## Dataset extract
Content starts
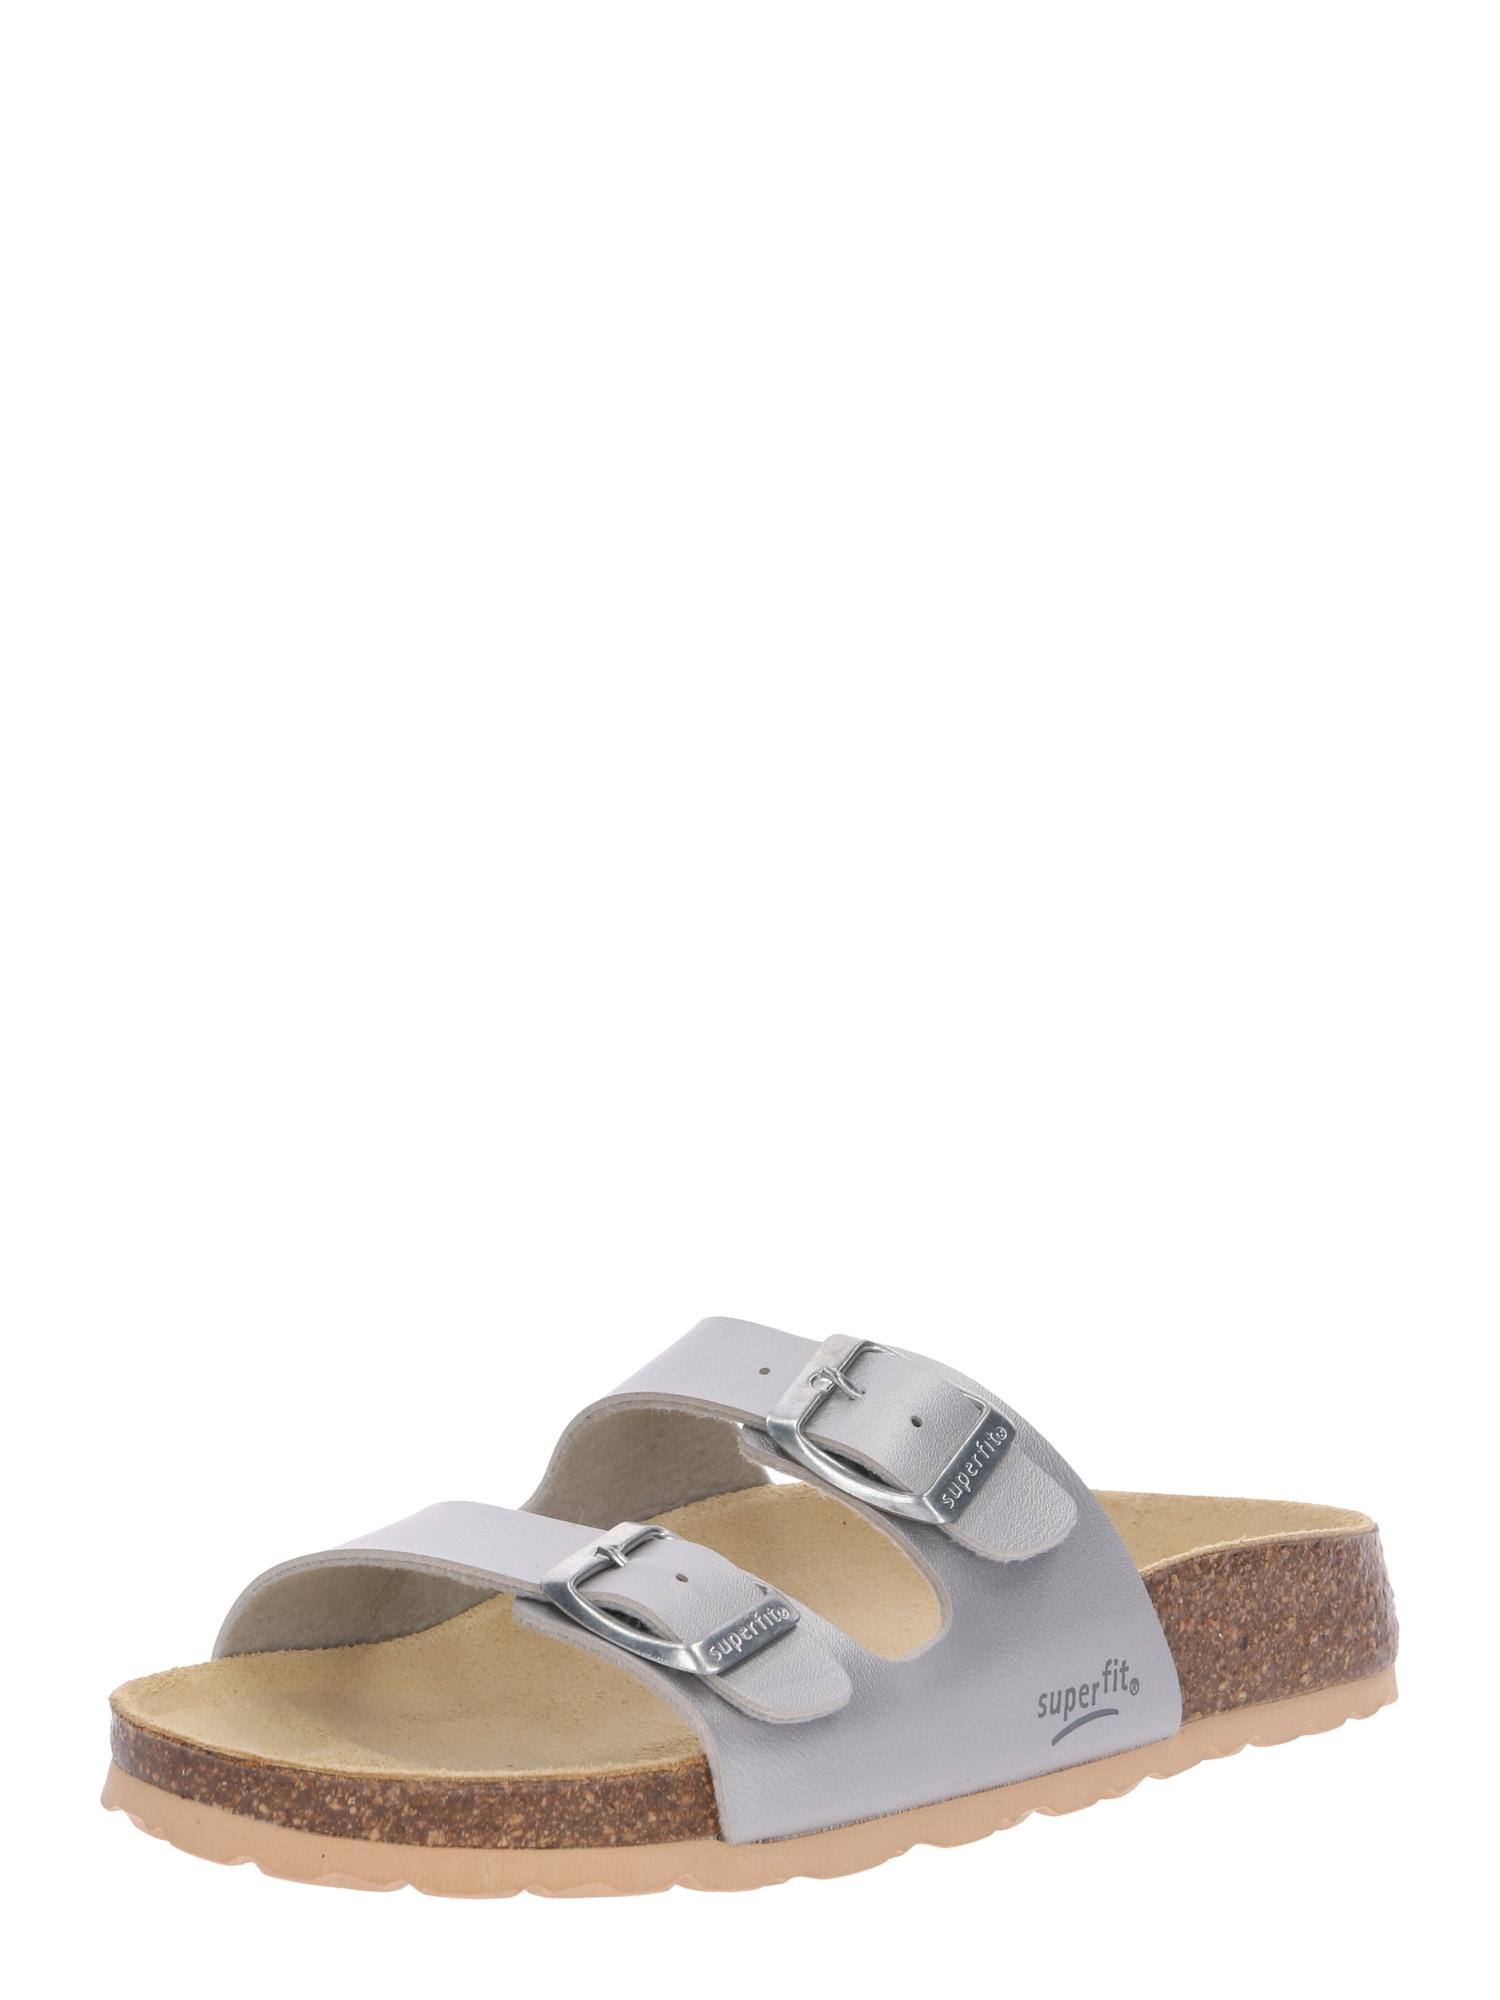 Otevřená obuv FUSSBETTPANTOFFEL stříbrná SUPERFIT
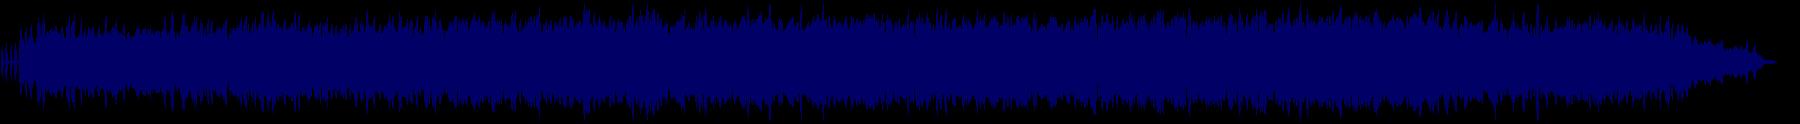 waveform of track #70997
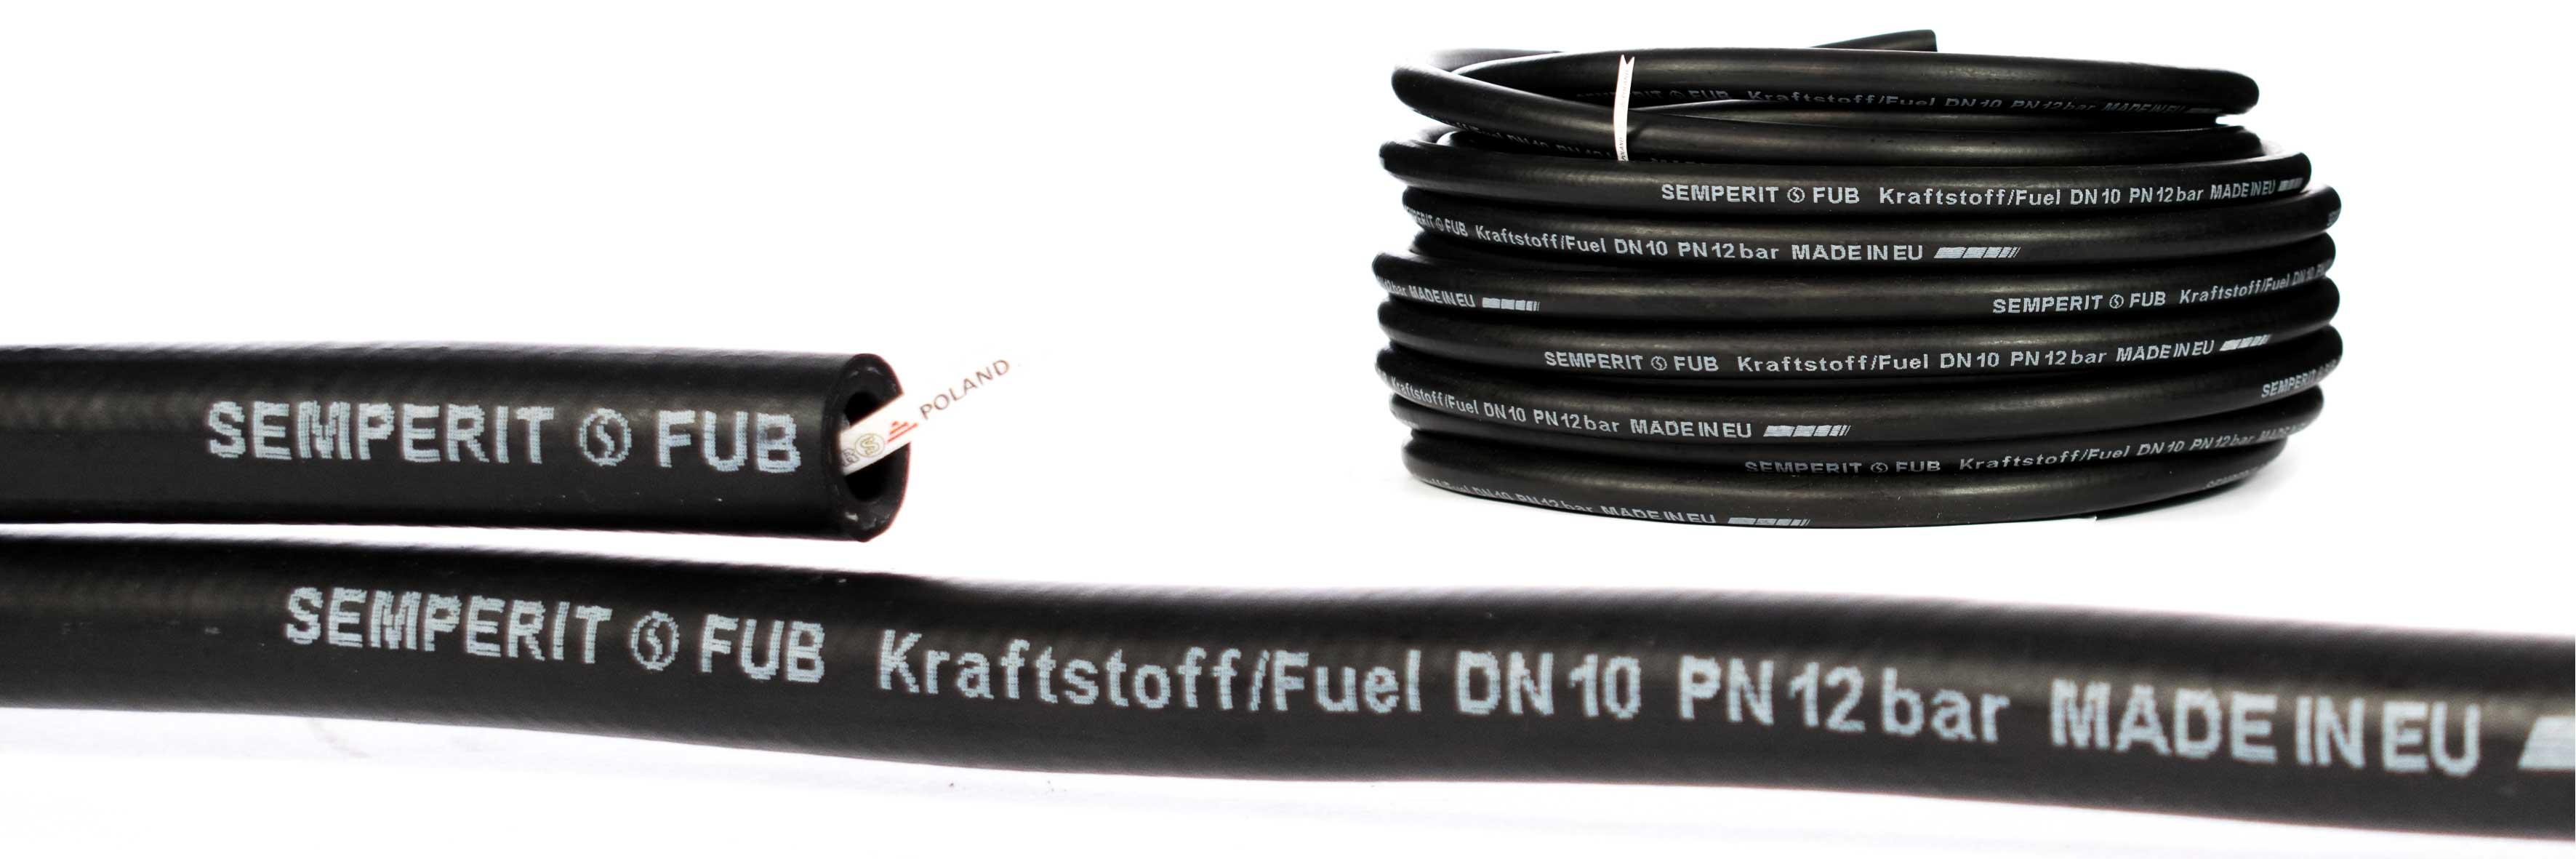 Wąż do oleju napędowego i benzyny, do motoryzacji, przemysłowy FUB Semperit DPRS Poland
Content ends
## Instructions to follow
The copy should begin at the line containing "waveform of track #70997" and end at the last line of the data above; please restate those lines word for word without the pictures.

## Answer for the task
 waveform of track #70997
 Wąż do oleju napędowego i benzyny, do motoryzacji, przemysłowy FUB Semperit DPRS Poland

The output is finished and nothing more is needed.